*What to work on:*
After finding the line that holds "Computer Server Clip art, Icon and SVG" below, set down that line and the rest through the final one exactly, leaving the pictures out.

*Supplied information:*
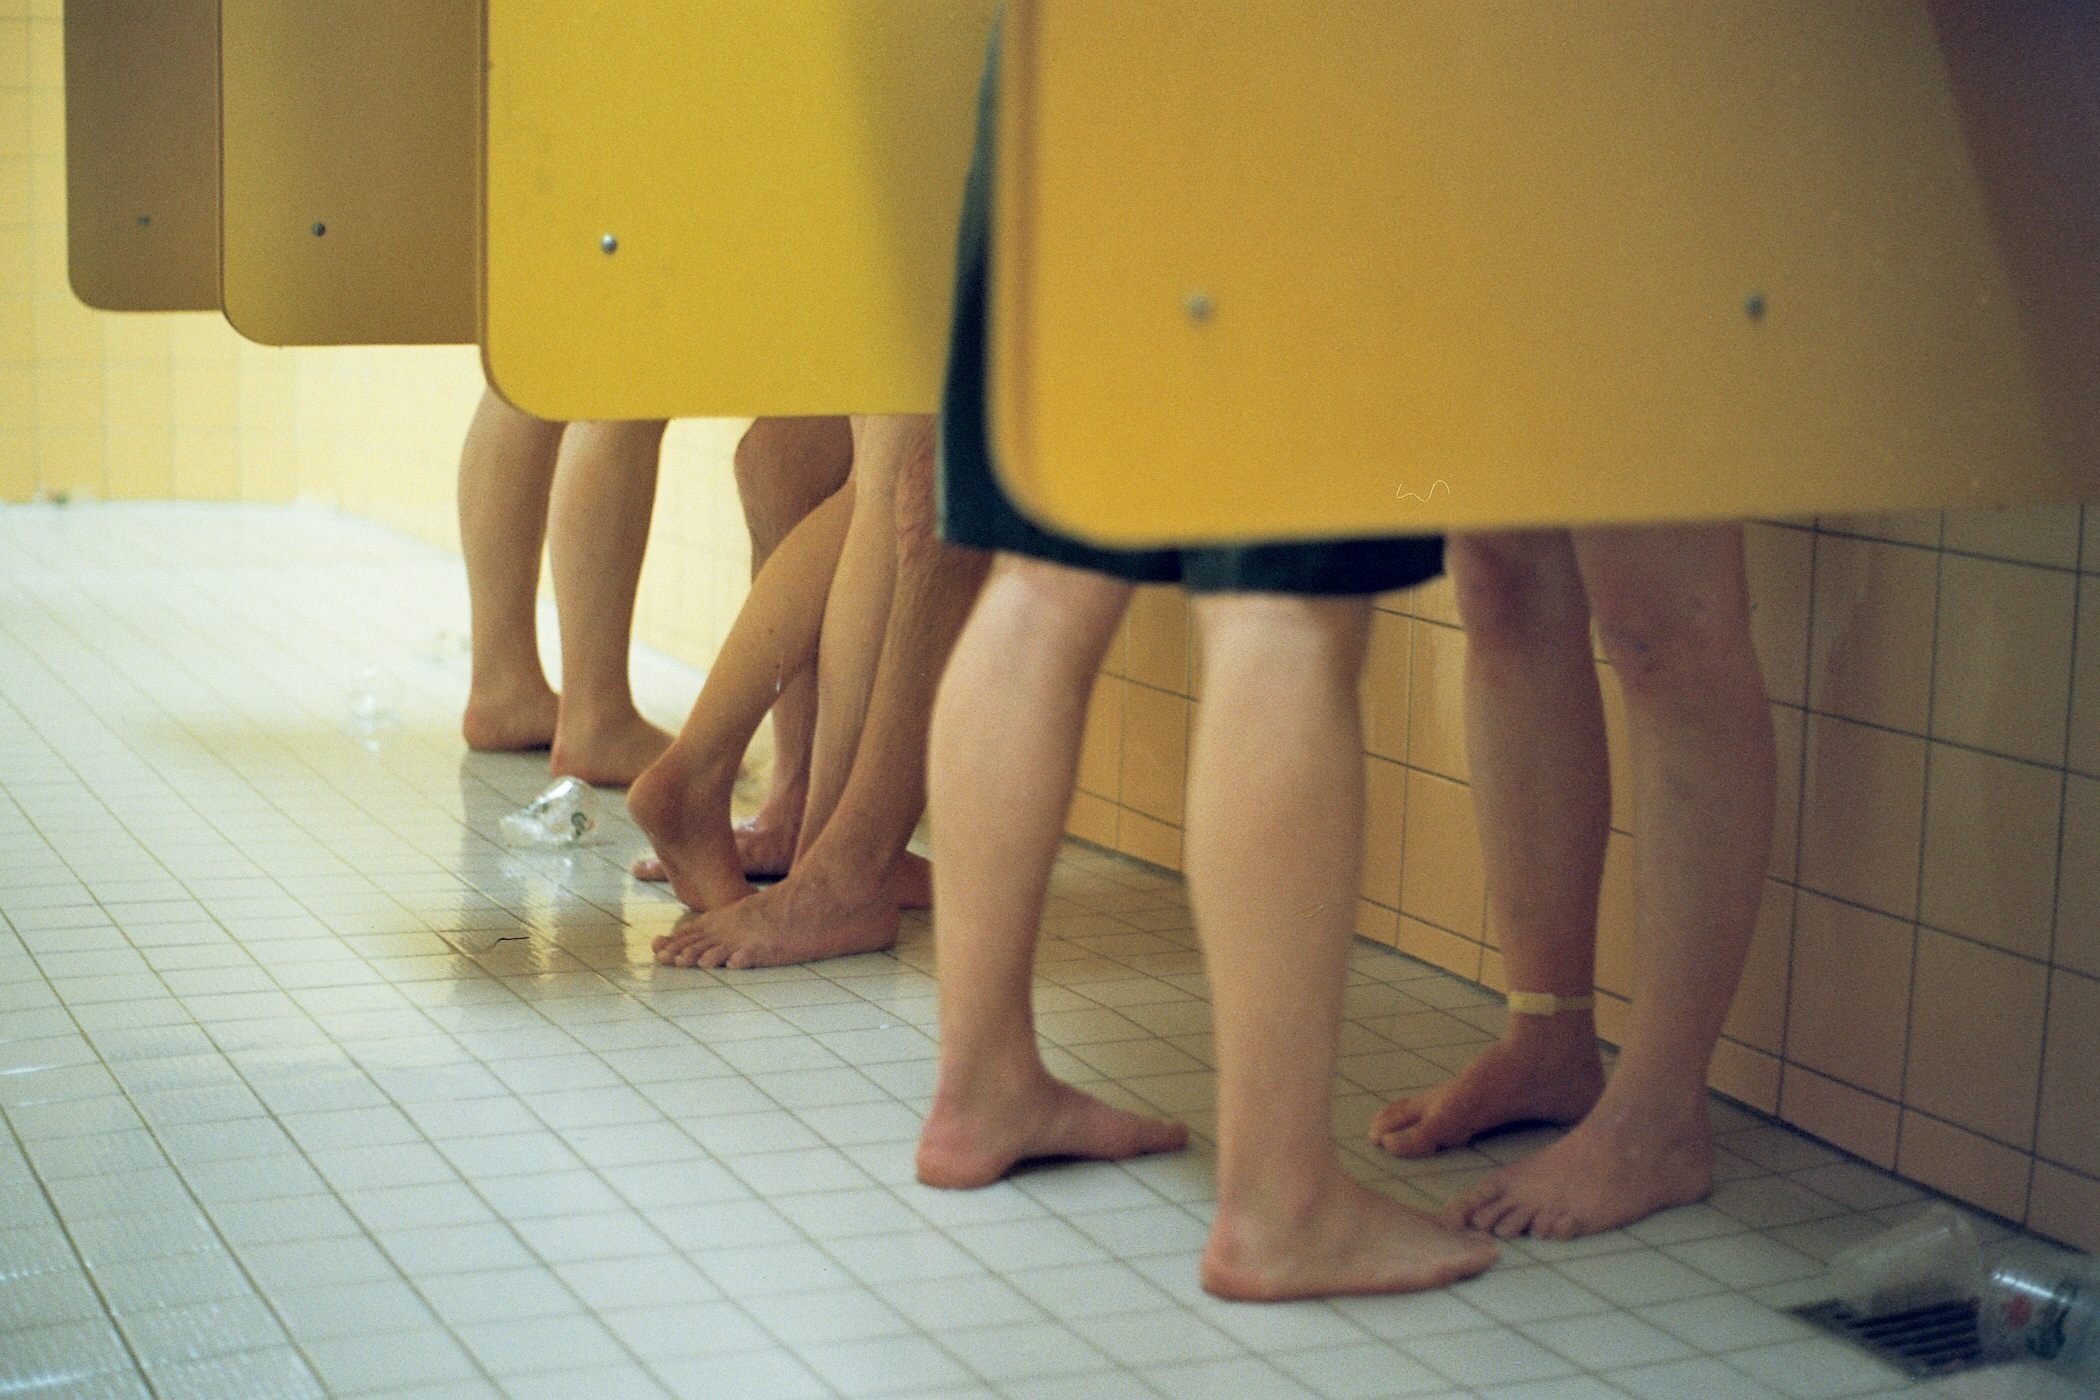 Pies descalzos en ducha pública. | Foto: Wikimedia Commons
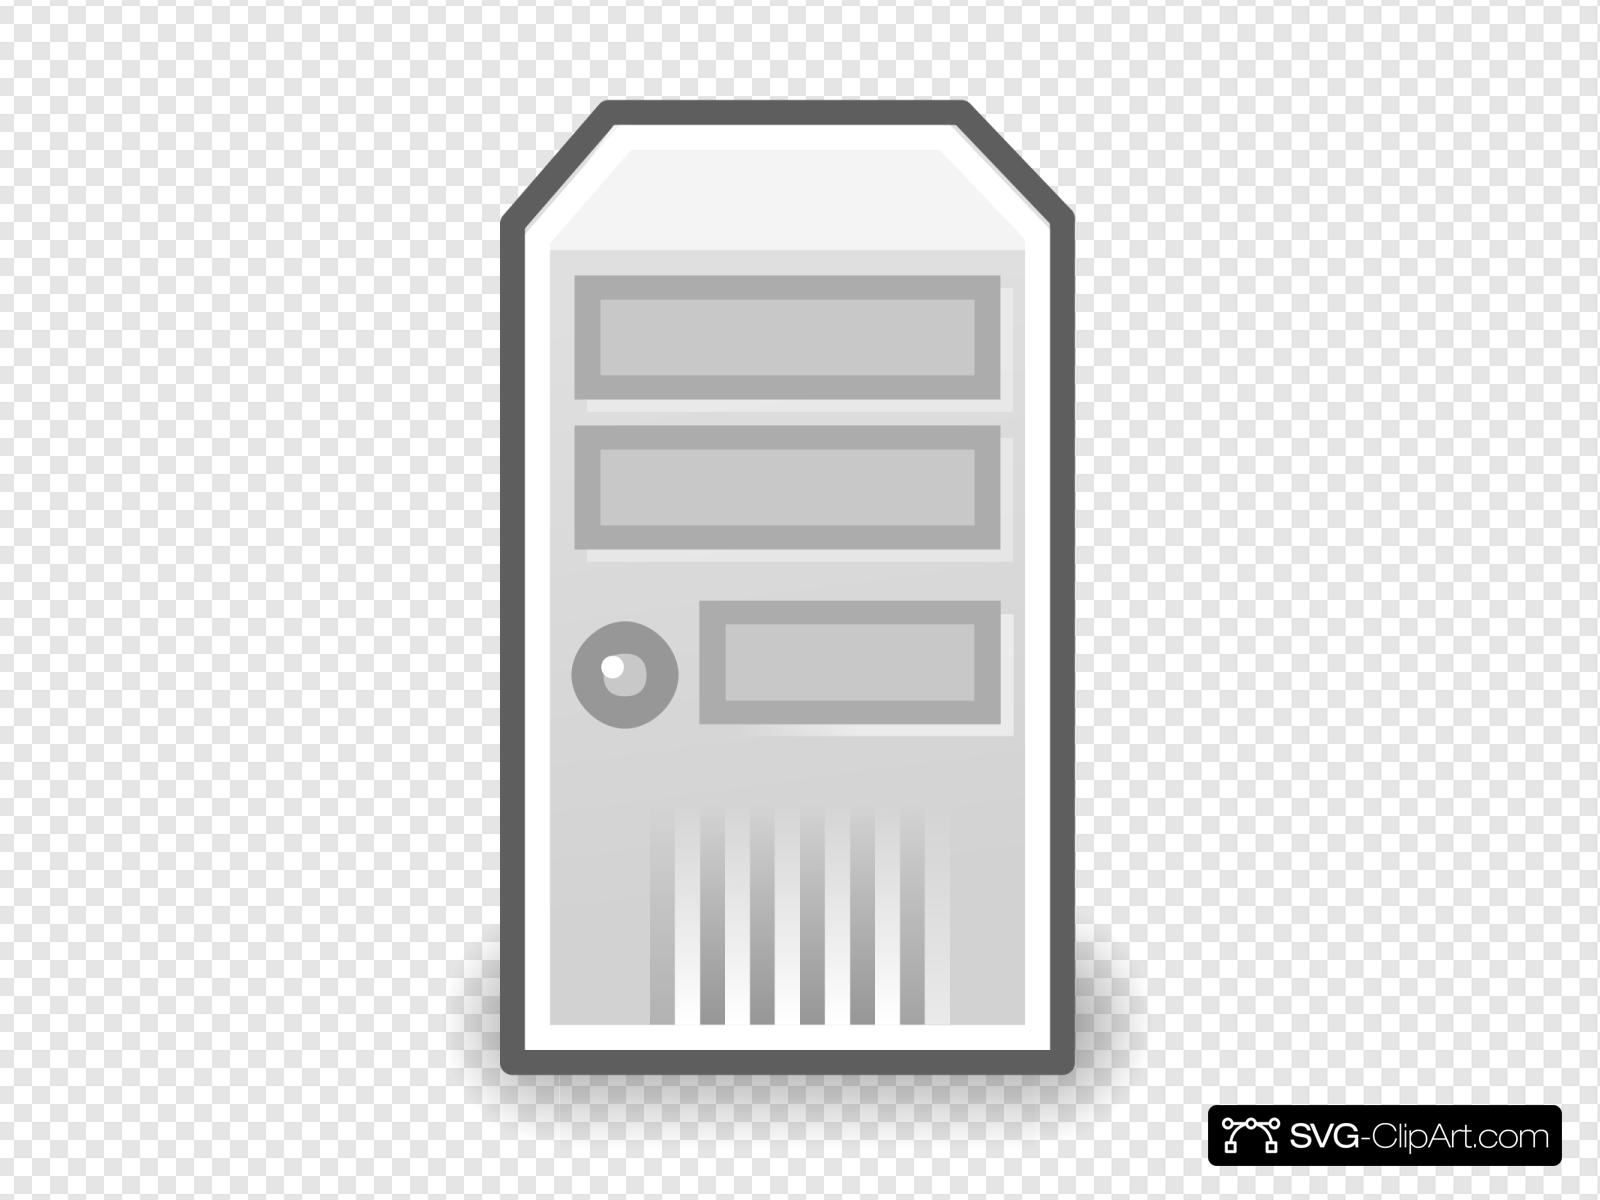 Computer Server Clip art, Icon and SVG
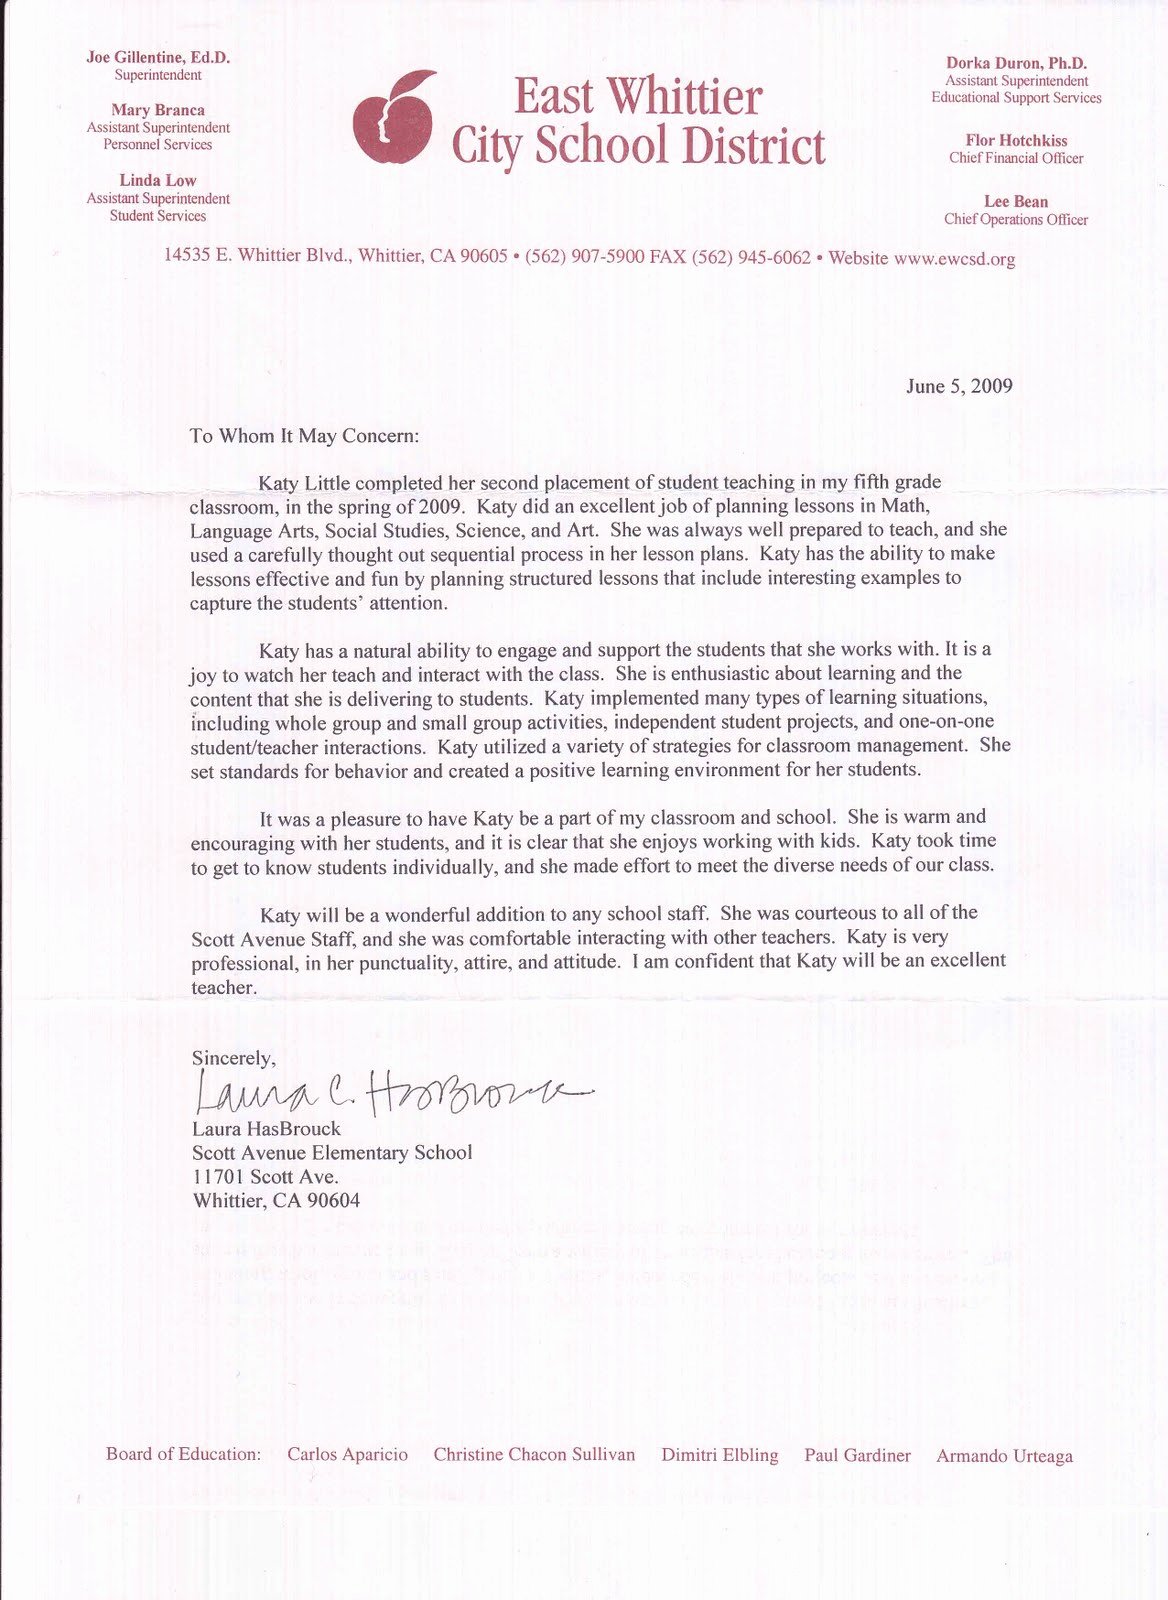 Teacher Letters Of Recommendation Fresh Kathryn Little Letters Of Re Mendation Student Teaching

*Output below:*
 Computer Server Clip art, Icon and SVG
 Teacher Letters Of Recommendation Fresh Kathryn Little Letters Of Re Mendation Student Teaching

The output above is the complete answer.